Top Aide to Martin Luther King Receives, Posthumously, Presidential Medal of Freedom

Bayard Rustin Organized March on Washington in ‘63

If you, like I, didn’t know the name of Bayard Rustin (1912-1987), don’t feel ashamed. Called “the unsung hero of the Civil Rights Movement, Rustin was unapologetically Black and unapologetically gay and for a significant period of history he was erased,” comments Sharon Lettman-Hicks, Executive Director of the National Black Justice Coalition for Black lesbian, gay, bisexual and transgender community.

Early Pacifist

Raised as a Quaker in West Chester, Pennsylvania, Bayard Rustin learned from his grandmother Julia to take a nonviolent yet effective stand for equality at an early age. Rustin rallied against Jim Crow laws and the case against the Scottsboro Boys in his youth.

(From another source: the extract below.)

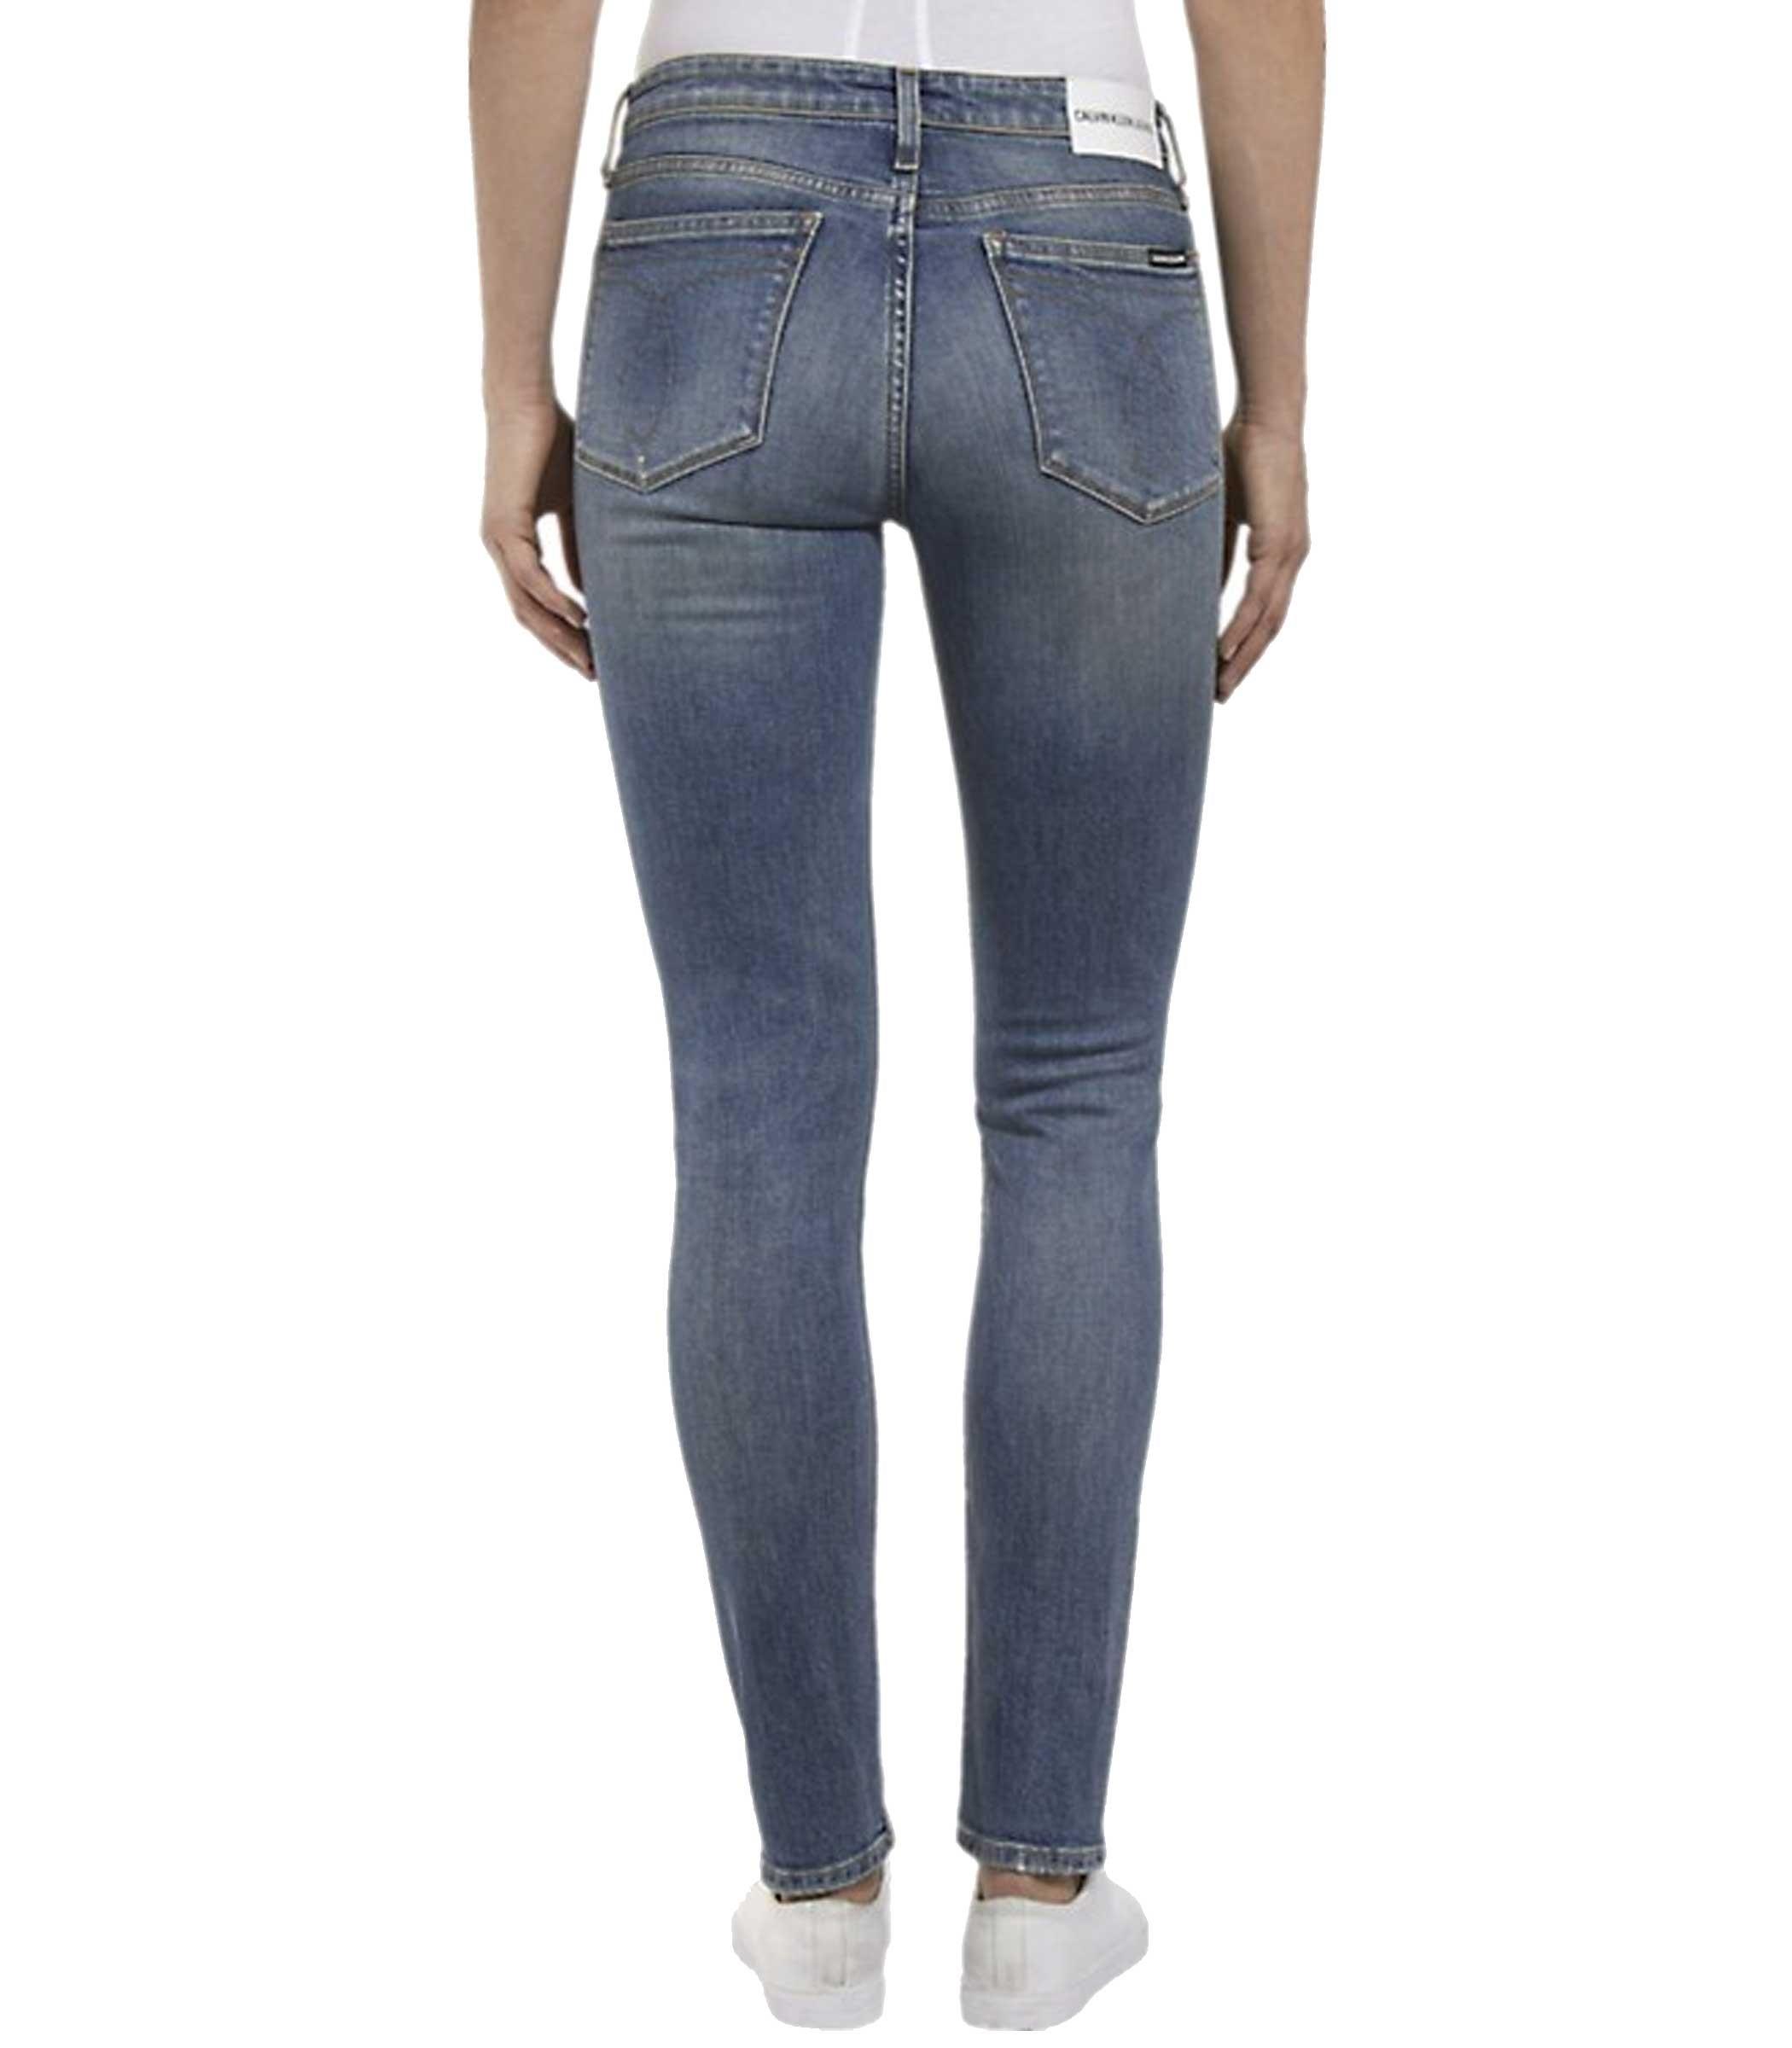 huge discount a1ee1 b936d Jeans Calvin Klein Jeans MID RISE SKI slim da donna rif ...

In the 1940’s, he was jailed for refusing to fight in World War II. He helped found the Congress of Racial Equality and led the first “Freedom Rides” of the 1940’s. He initially planned a “March on Washington” in 1941, but” the threat to stage a march on Washington to protest racial discrimination prompted Franklin D. Roosevelt to issue an executive order prohibiting workplace discrimination throughout defense industries,” wrote David Garrow at The New York Times.

Affiliation with Dr. King

Rustin first met Dr. Martin Luther King, Jr. in 1956 when he help organize the Montgomery Bus Boycott. It was he who educated King in Gandhian nonviolent protest principles. He is credited with mentoring King and helping to form the Southern Christian Leadership Conference. He became the top lieutenant to King and labor leader A. Phillip Randolph.

“The New Niggers Are Gay”

Early on, Rustin saw a need for coalition building and forming allies. He debated Malcolm X and stressed the importance of seeing the world’s various races as one big family. In a 1986 speech, “The New Niggers Are Gay,” he raised the similarities between the struggles of the black and LGBT communities: “The new “niggers” are gays. It is in this sense that gay people are the new barometer for social change. The question of social change should be framed with the most vulnerable group in mind: gay people.”

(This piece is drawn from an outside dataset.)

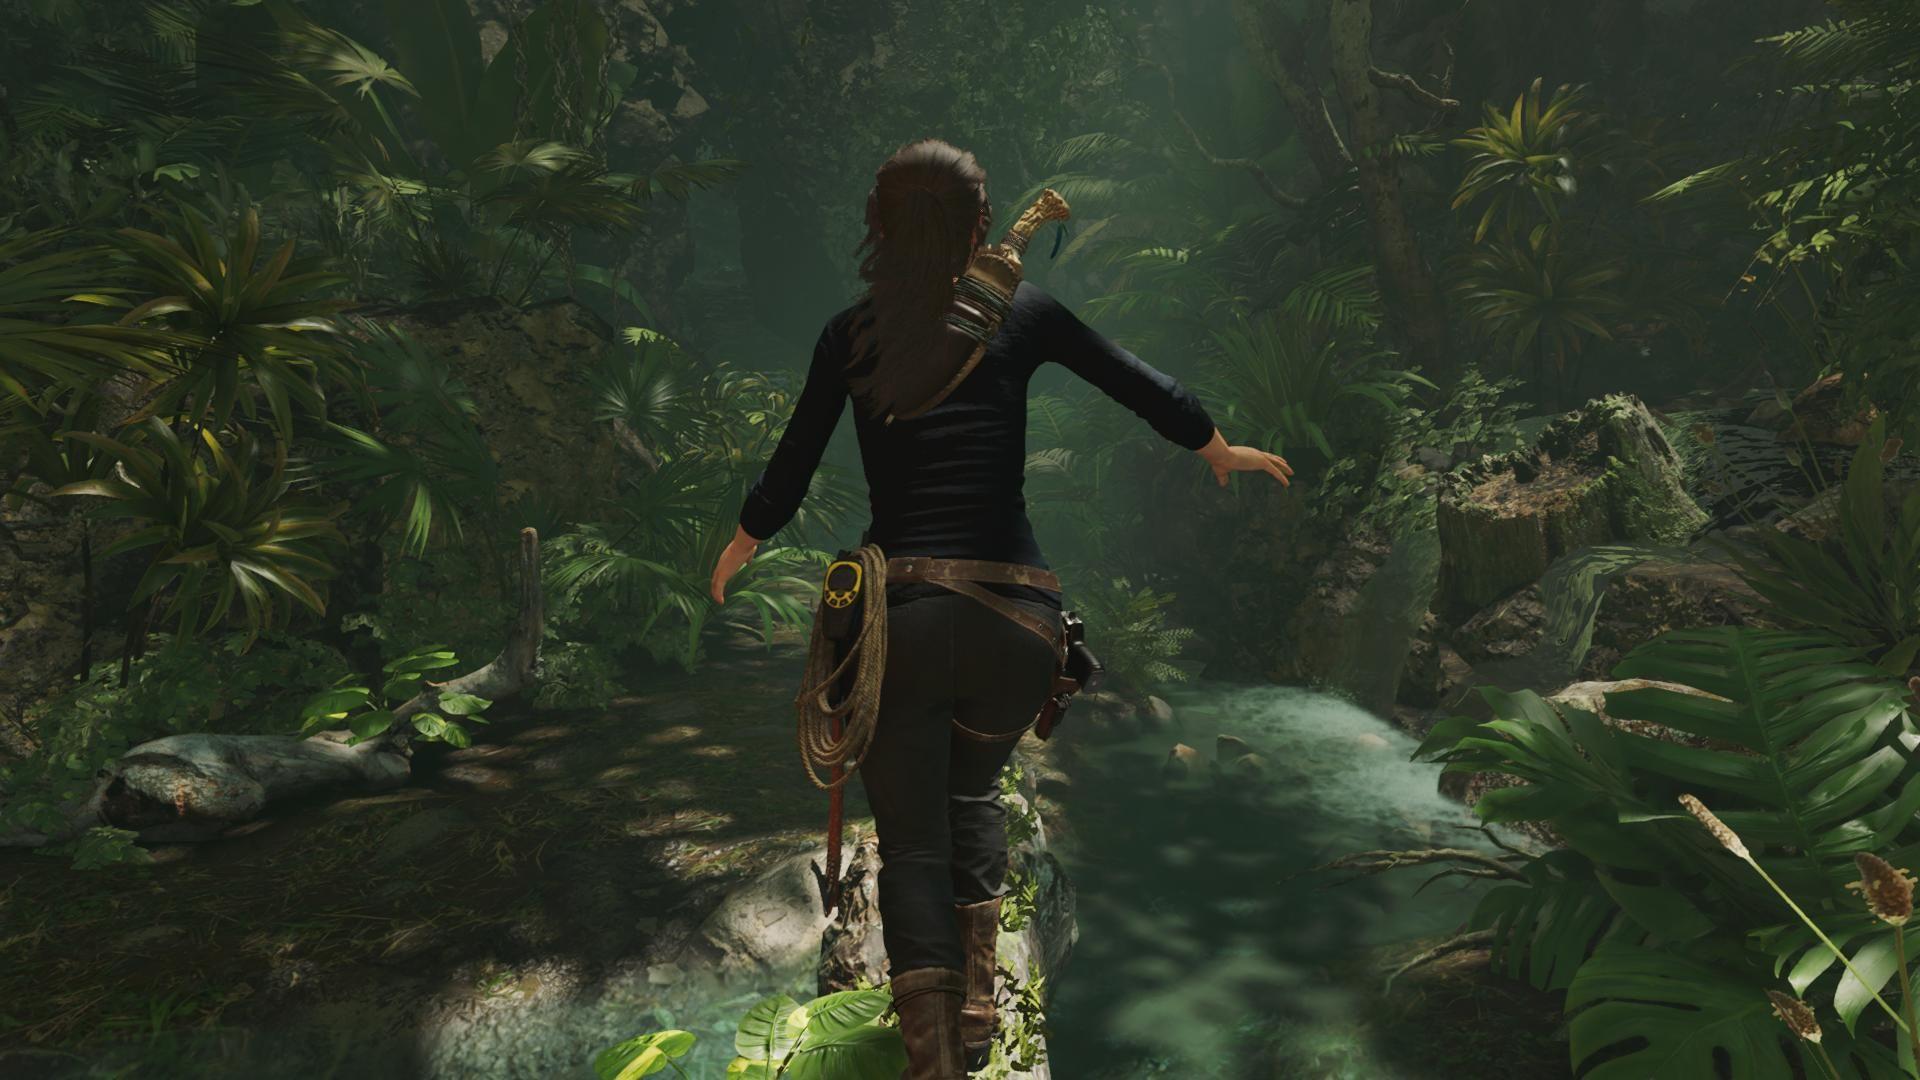 Shadow of the Tomb Raider DLC - Shadow of the Tomb Raider

It was Rustin who organized the 1963 March on Washington that brought more than 200,000 people to the rally at which King delivered his famous “I have a Dream” Speech, the same year that Medgar Evers was assassinated and Birmingham saw police violence against civil rights demonstrations.
A master at logistics and details, Rustin organized buses, lunches, child care and celebrity speakers. He accomplished all this without the help of internet and computer.

Very Much His Own Person

Rustin was openly gay in the 1940’s, 50’s, and 60’s. “This was unprecedented for a Black man at that time,” said Reverend MacArthur Flournoy, director of Faith Partnership and Mobilization for the Human Rights Campaign.

The F.B.I. had a large surveillance file on Rustin. Strom Thurmond lambasted Rustin as a “communist, draft-dodger and homosexual,” After Rustin was arrested in 1953 for a “sex perversion” offense, and sent to jail for sixty days, his credibility suffered as a civil rights activist. The U.S. government also used his sexuality to undermine him. Thurmond had Rustin’s arrest file entered in the congressional record.

After his arrest, he became more discreet with his liaisons. He met his partner Walter Naegle, then 27, whom he later adopted (they couldn’t marry) in 1977. Naegle is white as was Rustin’s previous partner, Davis Platt, who died in 2008.

Naegle has been working with a team within the Bayard Foundation to keep his legacy alive, notably helping in the 2002 documentary Brother Outsider: The Life of Bayard Rustin. Rustin was one of the sixteen honorees to receive the Presidential Medal of Freedom which was presented to Naegle for Rustin’s contributions.